**What the task asks:** Output, word for word and without pictures, the lines from the one containing "MTB Shoes Flat Freerider Gray Size 40 #2" through the final line of the listing below.
======== Dataset section
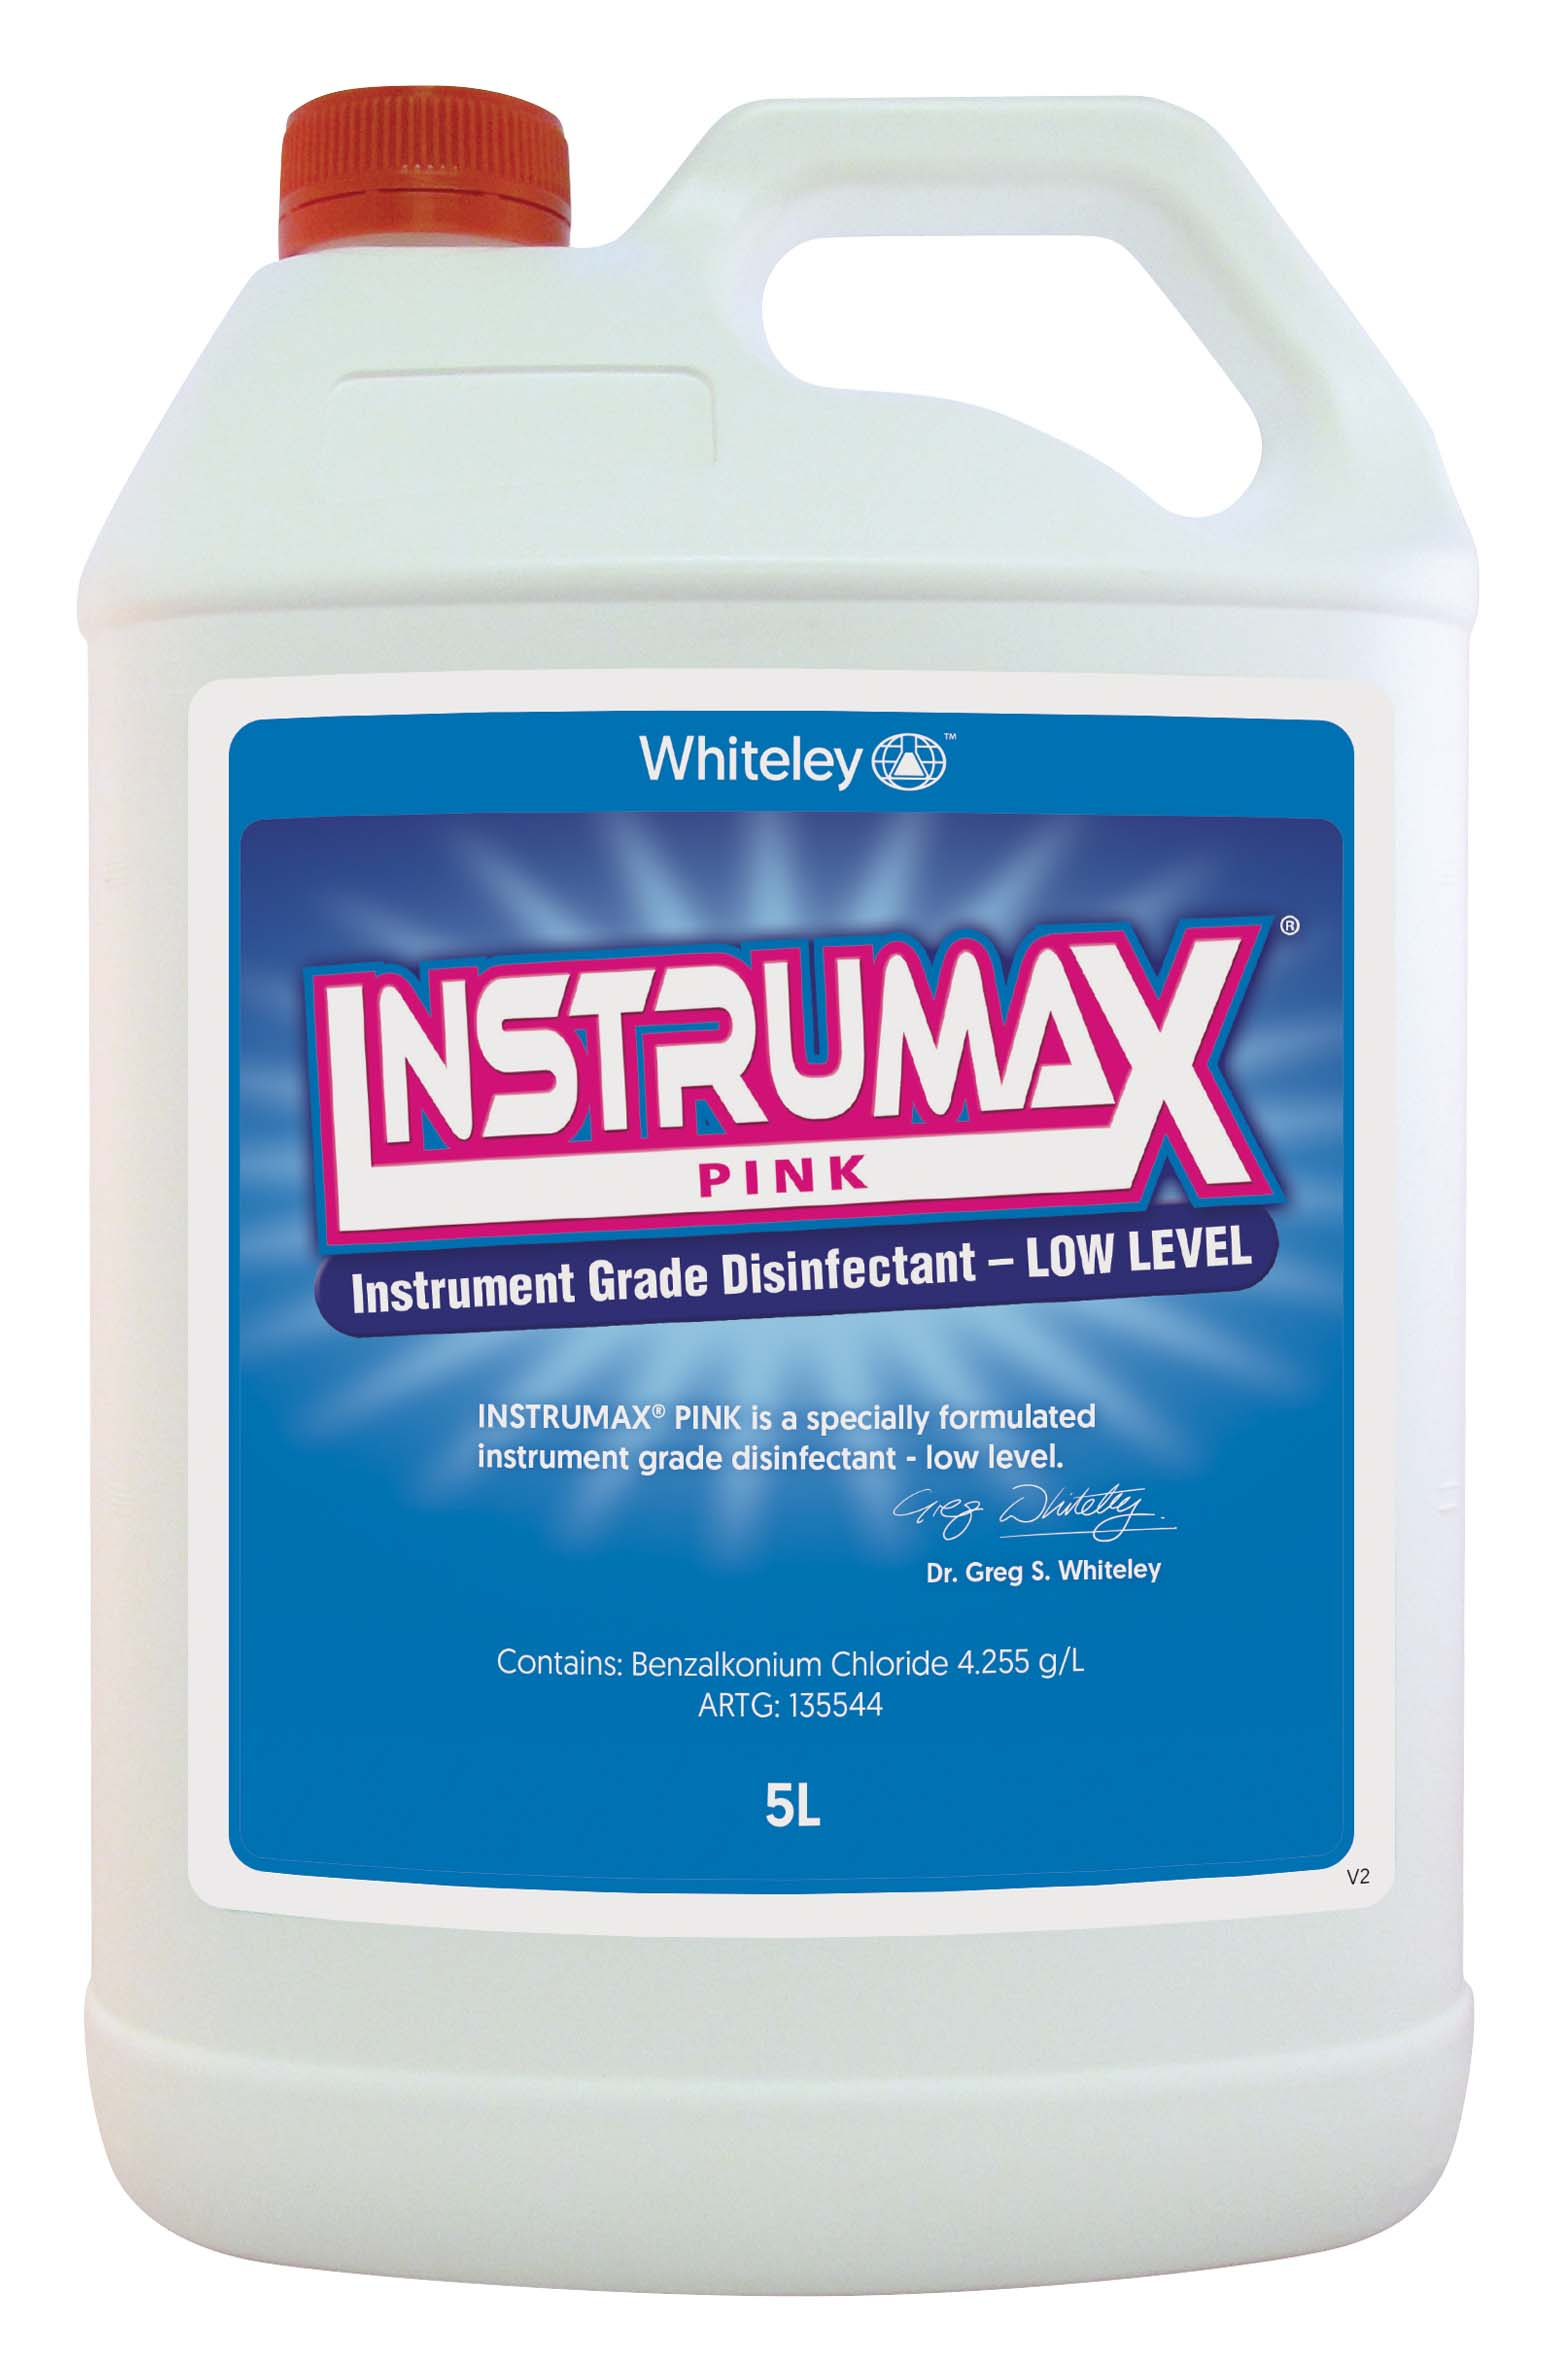 Whiteley Instrumax Pink Instrument disinfectant 5 Litre image 0
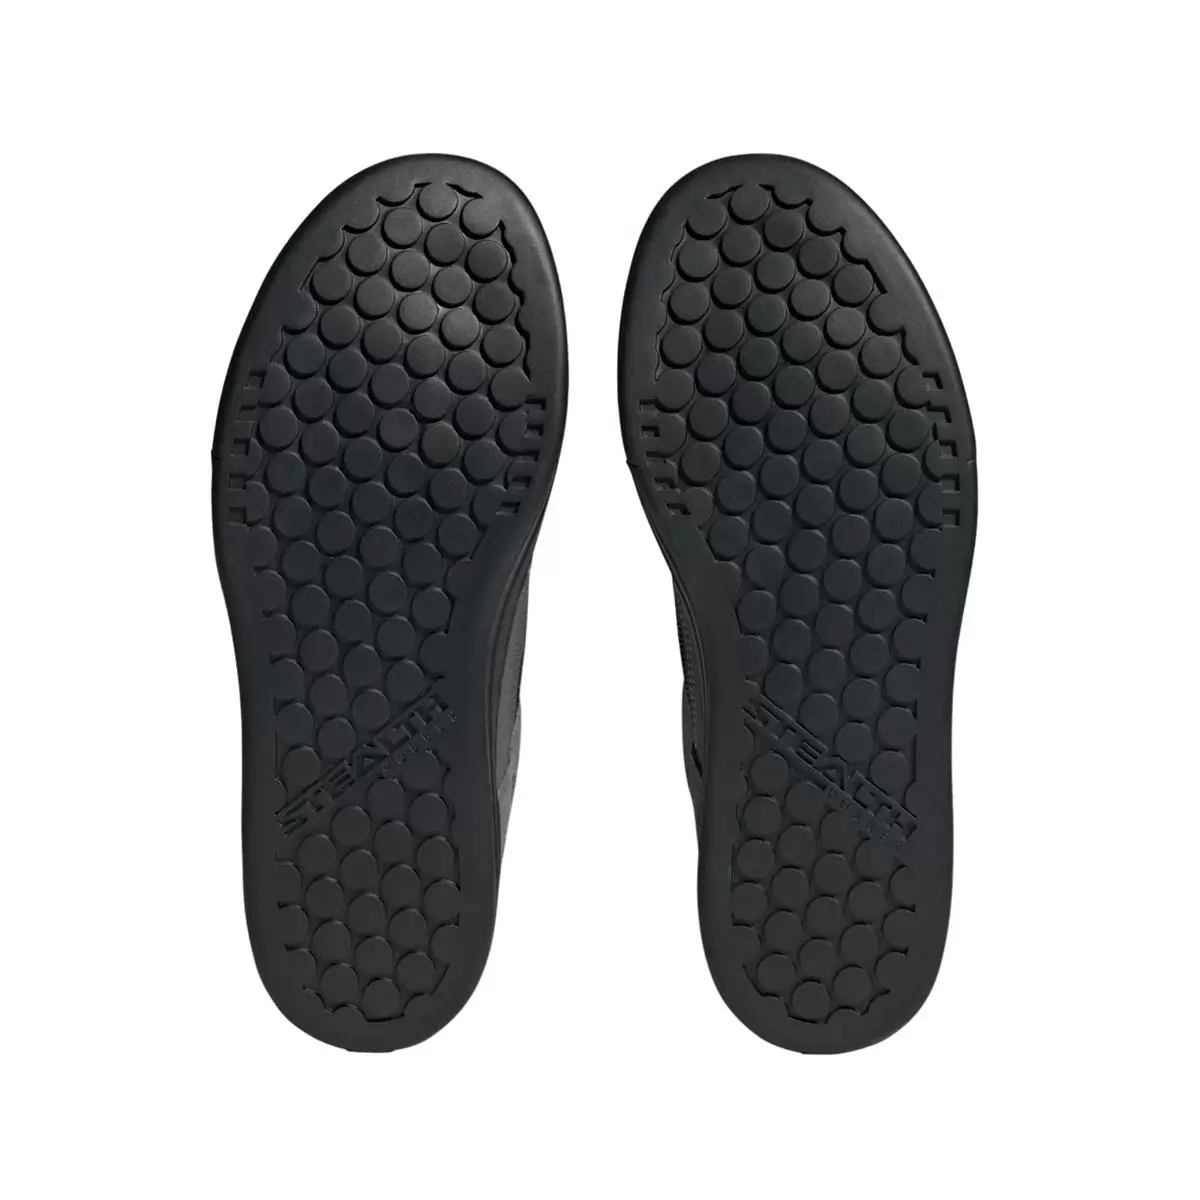 MTB Shoes Flat Freerider Gray Size 40 #2
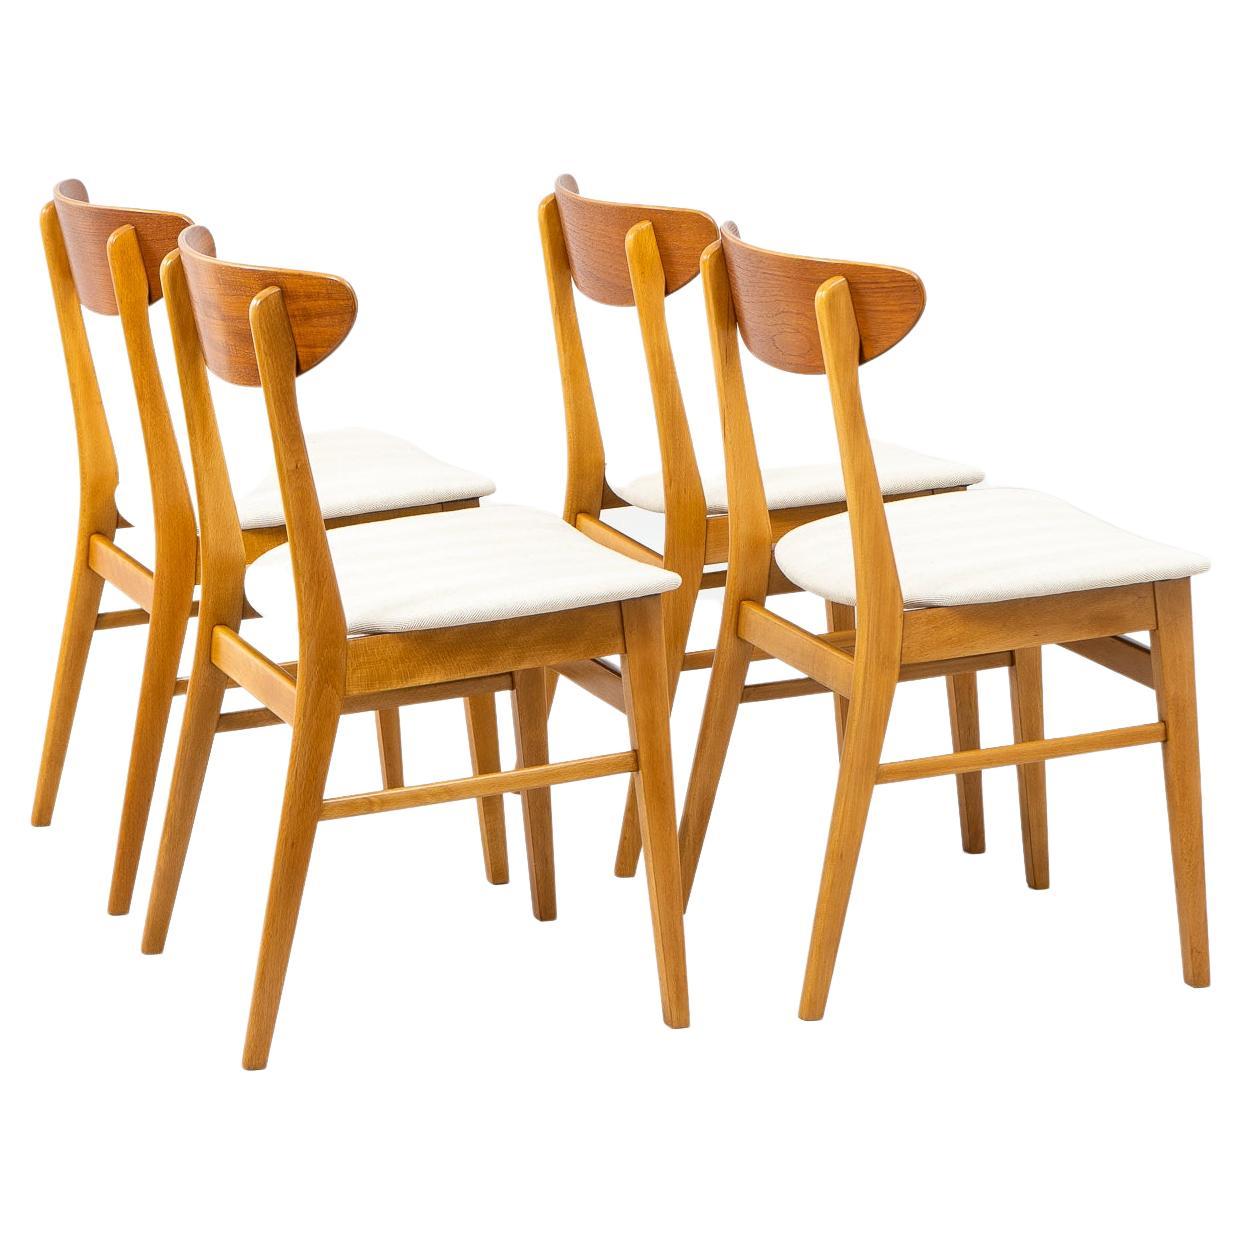 Set of 4 Teak and Beech Chairs Model 210 from Farstrup Stolefabrik, circa 1960
================
**Answer space:**
 MTB Shoes Flat Freerider Gray Size 40 #2
 Set of 4 Teak and Beech Chairs Model 210 from Farstrup Stolefabrik, circa 1960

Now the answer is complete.